I know you love me and appreciate me. Maybe sometimes I can annoy you when I run my fingers through your hair while you sleep or when I use my high pitch voice to try and make you smile. I have good intentions Savannah. I have never loved anything more than I love you!! I am so blessed that God chose me to be your mommy!! I love you, angel.

Love, Mommy

Sunday, May 6, 2012

Wake Up

Dear Savannah,

So I have decided you take after Aunt Lindy and you are a little night owl. You have always been, but last night you really wanted to hang out with Mommy and Daddy so you did not even close your eyes until almost 1a.m. I didn't mind too much knowing you would probably sleep in. Well, at 6am we had a wake up call but it was not you. Our fire alarms went off for the second time this week. It looks like we need to change all the batteries. Needless to say, we were all awake bright and early.

After breakfast and a little play time with Daddy, we all went back to sleep. The rest of the day was pretty normal. Daddy went to work and you and I played and napped. You had a mini photo shoot for your first birthday invitations. You are such a little beauty.

You tried chicken for the first time today. I make all your baby food so I was able to puree it to the right consistency and add squash and apples.

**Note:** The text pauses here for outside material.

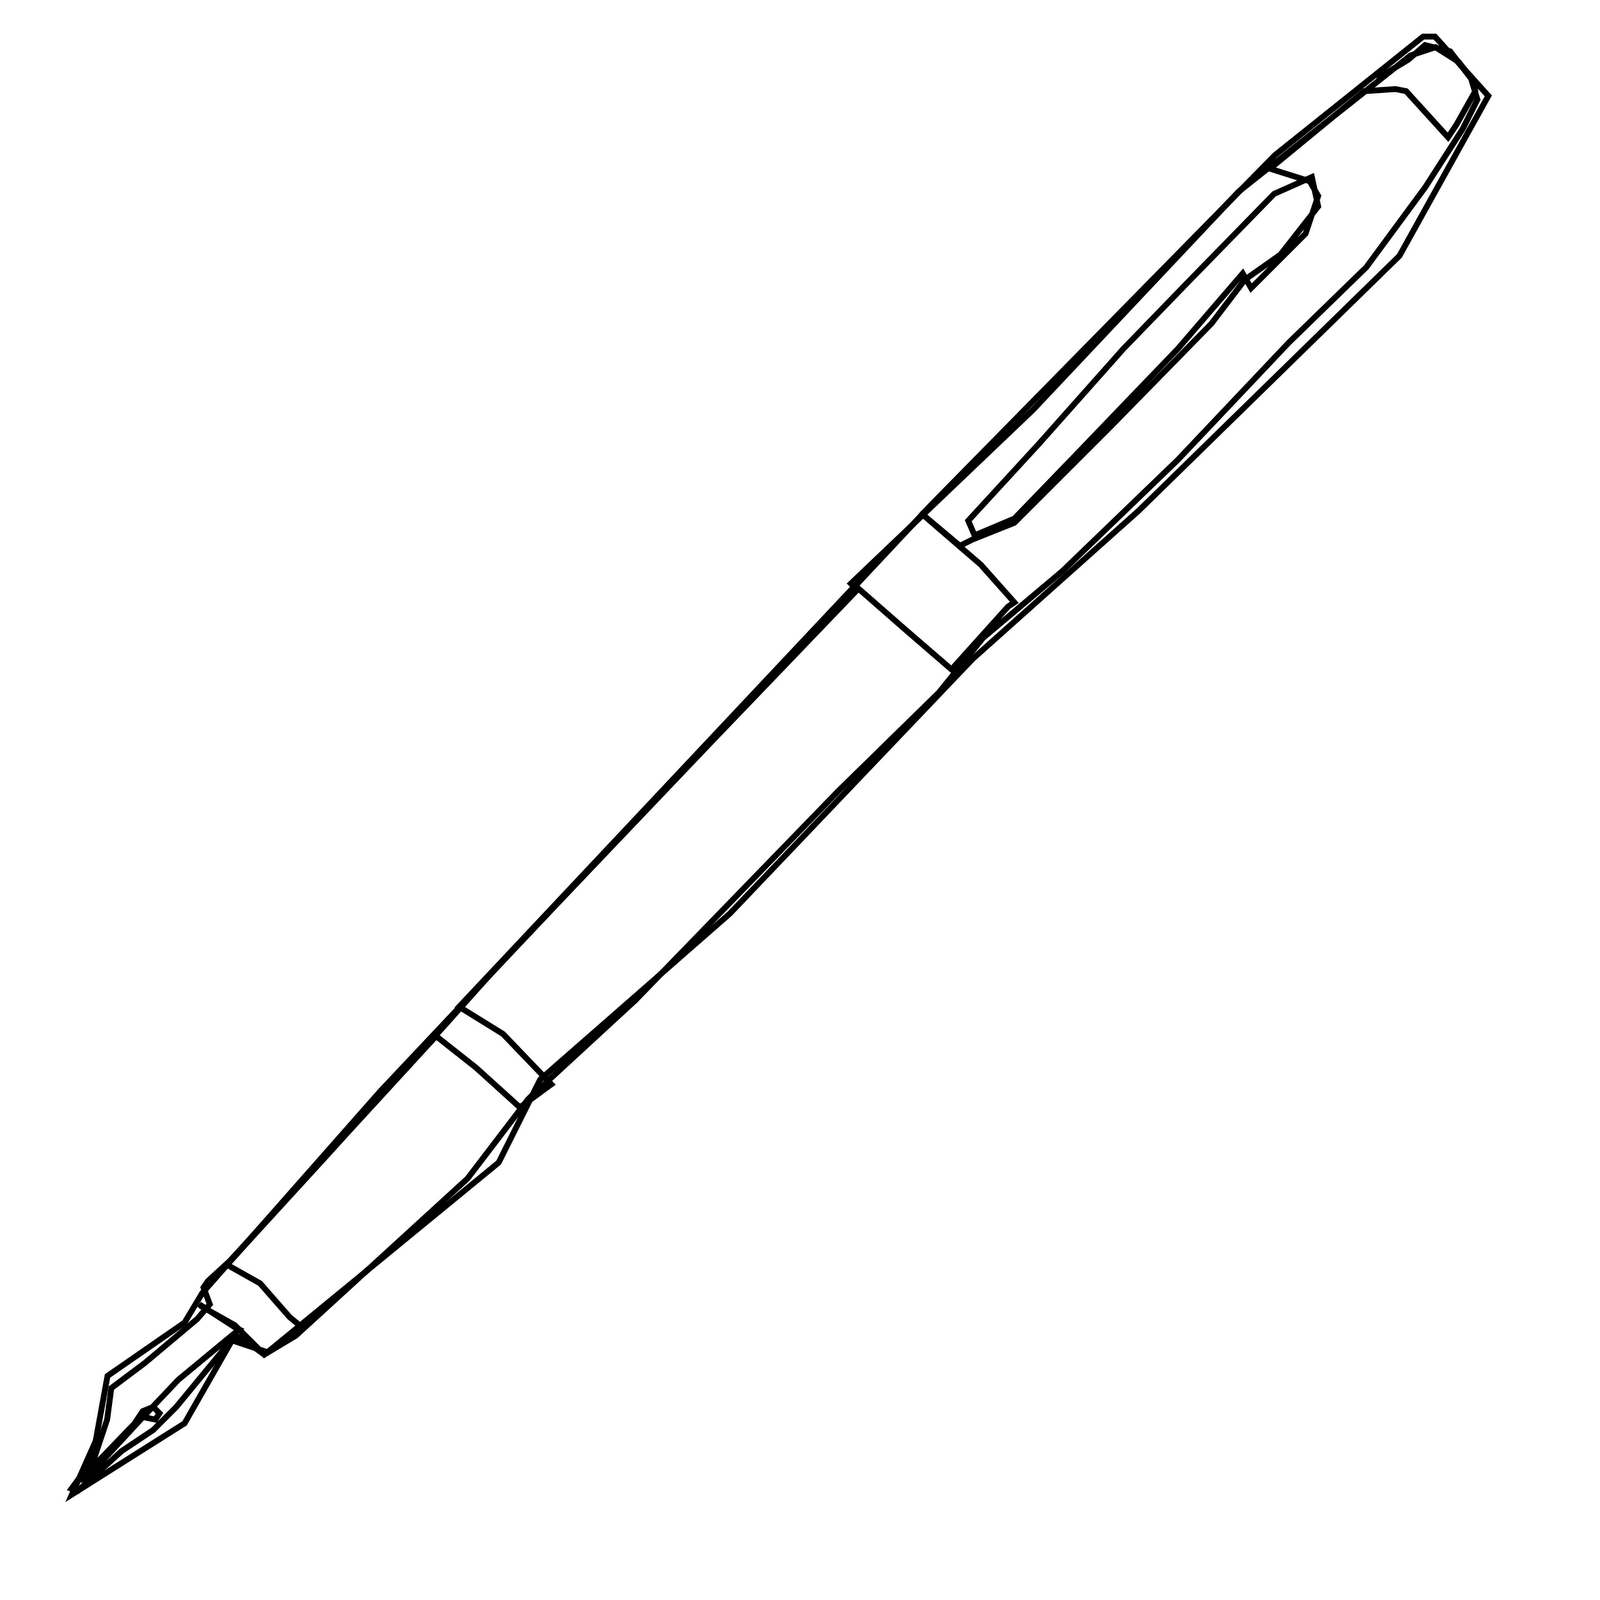 Free Pencil Clip Art Black And White, Download Free Pencil Clip Art

It was a hit. So far Savannah, you are a great little eater and have tried a very large variety of food. You like avocados, all fruit, carrots, squash, prunes, and so much more. You don't care for white potatoes, although you love sweet potatoes. Daddy says you have a sweet tooth like Mommy.:)Now if we could only get you to drink more.

I love you sweet girl!

Love, Mommy

Saturday, May 5, 2012

Hello

If you are here visiting my blog, then I have done something right. My goal for writing this blog is to give friends and family and other parents raising a child with disabilities a glimpse into our life through writing to Savannah, whom I dedicate this blog to. We live a very busy life.
Savannah is a few weeks shy of her first birthday. She is the sweetest baby I have ever known, and I have helped raise a few along the way:) I am so blessed to be the mother of this sweet baby girl, My Sweet Savannah Mae.. I plan to recap our journey thus far. She truly is a blessing.